4. Enjoy a larger standard deduction at 65

You can look ahead to an additional tax benefit down the road. The standard deduction, which reduces your taxable income and, in turn, lowers your tax bill, will be larger once you reach 65.

In 2024, when you fill out your federal income tax forms for income earned in 2023, if you’re married and filing jointly, you’ll get a standard deduction of $27,700. If you’re a single taxpayer, or a married and filing separately, the standard deduction rises to $13,850.

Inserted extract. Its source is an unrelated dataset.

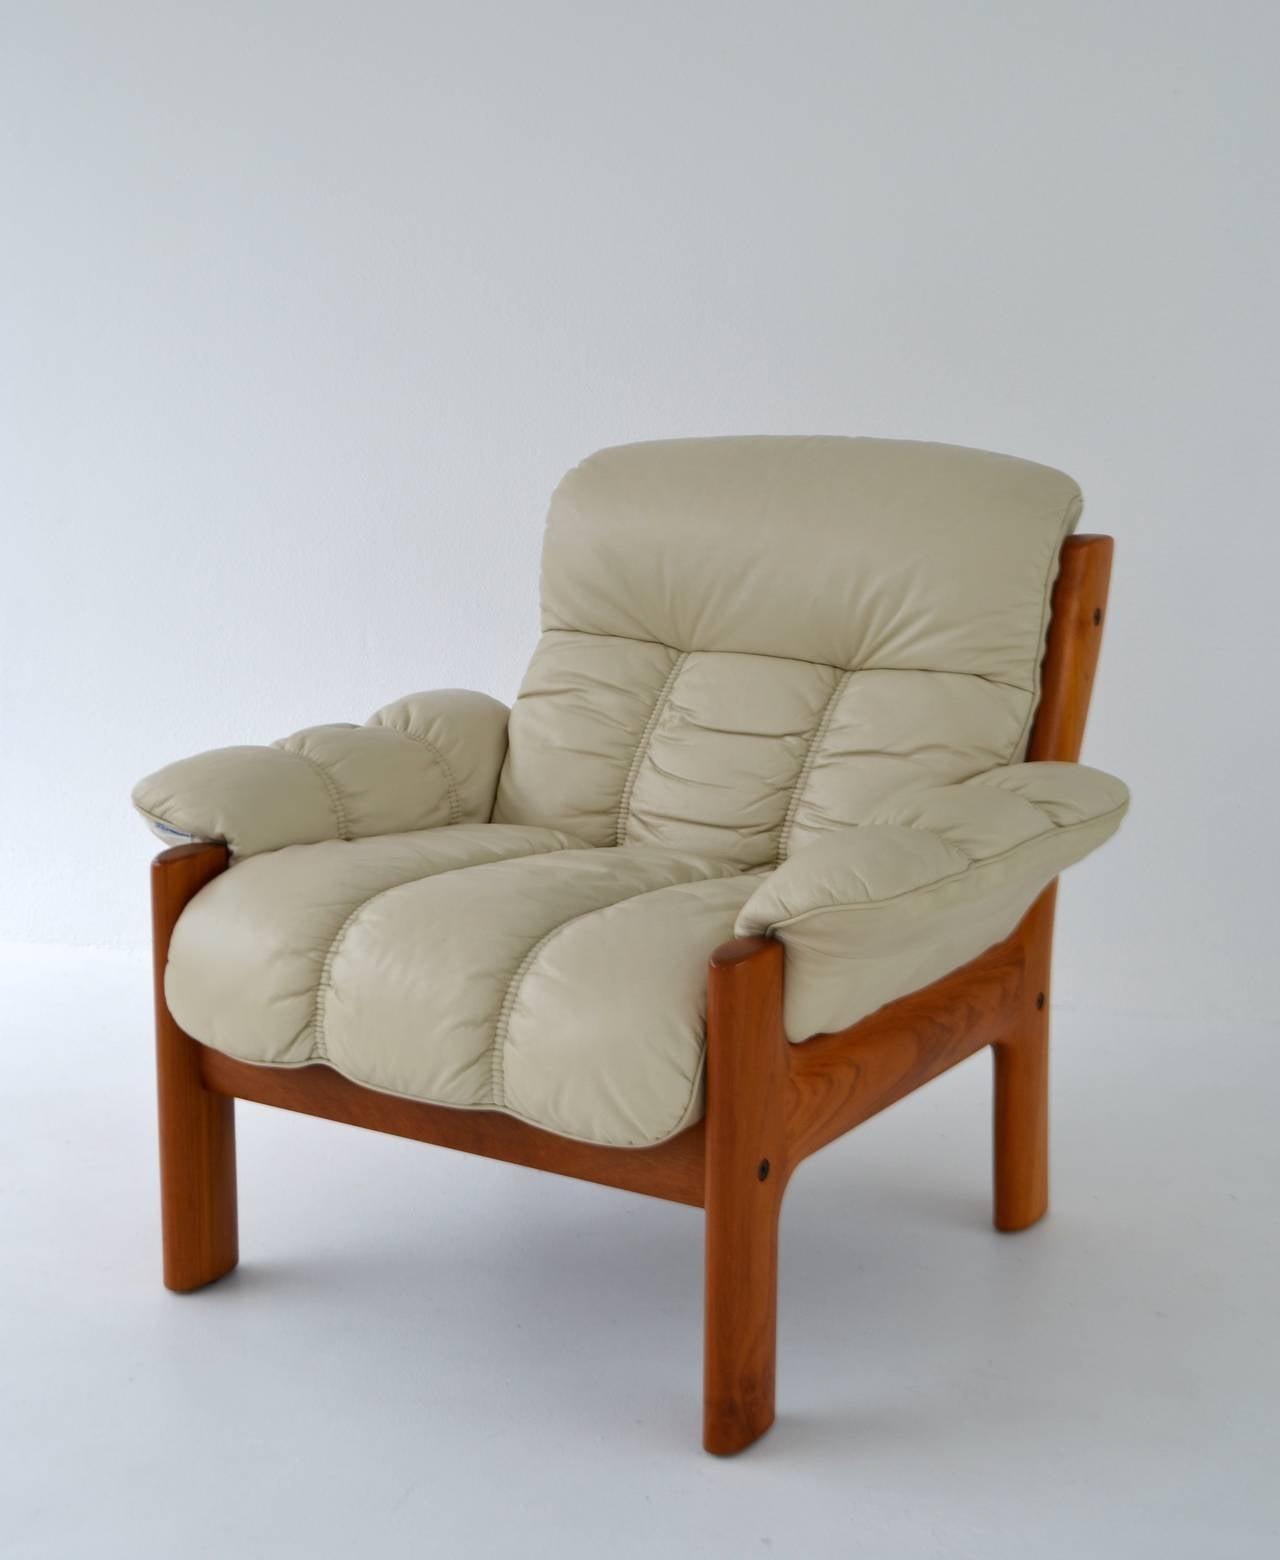 Postmodern Leather and Teak Club Chair by J E Ekornes For Sale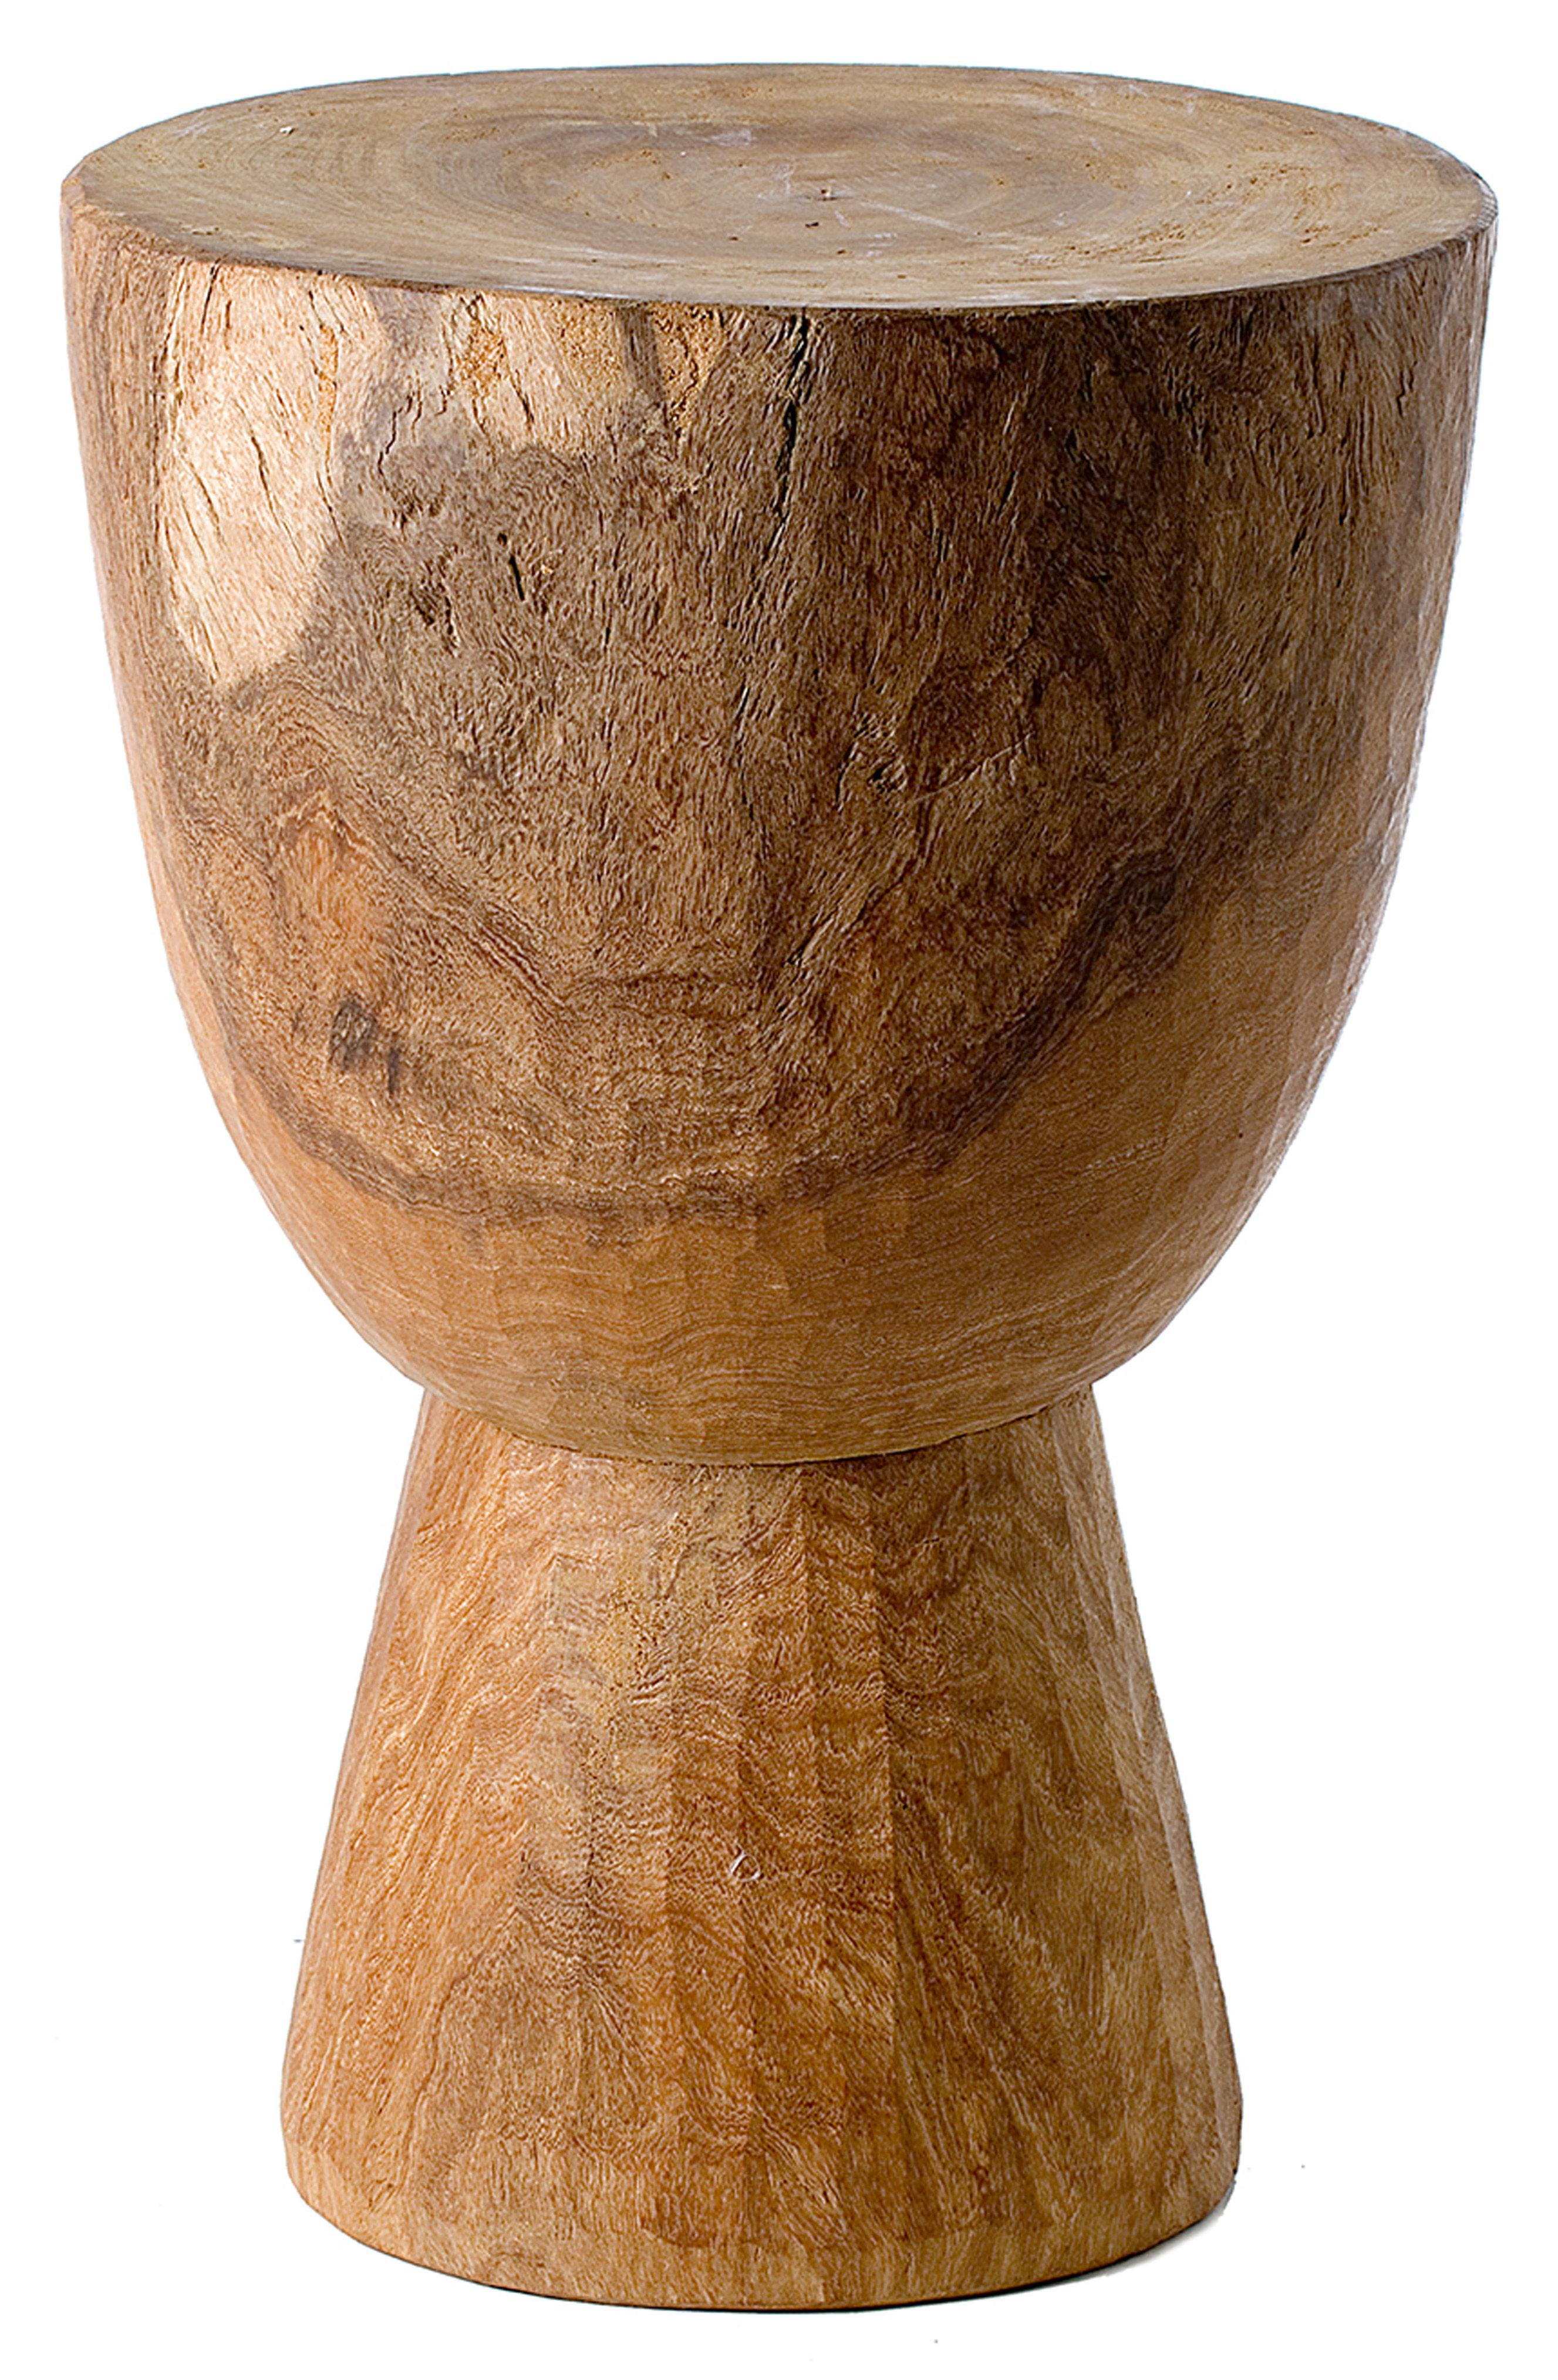 Möbel - Couchtische - Stool Tam Tam Hocker Hocker/Tisch - Pols Potten - Holz - Holz

However, if you are 65 or older and file as a single taxpayer, you get an extra $1,850 deduction for tax year 2023. Married and filing jointly or separately? The extra standard deduction is $1,500 for each person who is qualified.  For taxpayers who are both 65-plus and blind, the extra deduction is $3,700. If you are married, filing jointly or separately, it’s $3,000 for each person who qualifies.

There is one drawback for some taxpayers with the higher standard deduction: It sets a high bar for itemizing deductions. Therefore, it doesn't make sense to go to the trouble of itemizing if your deductions aren't higher than the standard deduction. Nevertheless, getting a larger standard deduction is a good thing.

Other deductions

What about cash gifts to qualified charities? Back in tax year 2021, single individuals could take a $300 deduction for cash gifts to qualified charities. Married couples could take $600. You could take this deduction if you took the standard deduction and didn’t itemize. But those days are gone. This charitable deduction disappeared in the 2022 tax year.

The high standard deduction means that for most people, it’s not worthwhile to itemize tax returns. But you can deduct some expenses without itemizing, thanks to above-the-line deductions, which are deductible from your gross income before calculating your adjusted gross income (AGI). For example, you can deduct student loan interest that you paid in the 2023 tax year. Other above-the-line deductions:

Teacher expenses. Individuals can deduct up to $300 in unreimbursed teaching expenses, and married couples can deduct $600, assuming both are educators.

Self-employed health insurance. If you’re self-employed, you can deduct the premiums for medical, dental, vision and long-term care insurance.

Alimony paid. The law used to allow those who paid alimony to deduct their payments. No longer. But there’s one loophole: If your divorce or separation agreement was signed before Dec. 31, 2018, you can deduct alimony paid.

Military moving expenses. Active-duty members of the military can deduct their moving expenses when they move because of a permanent change of station.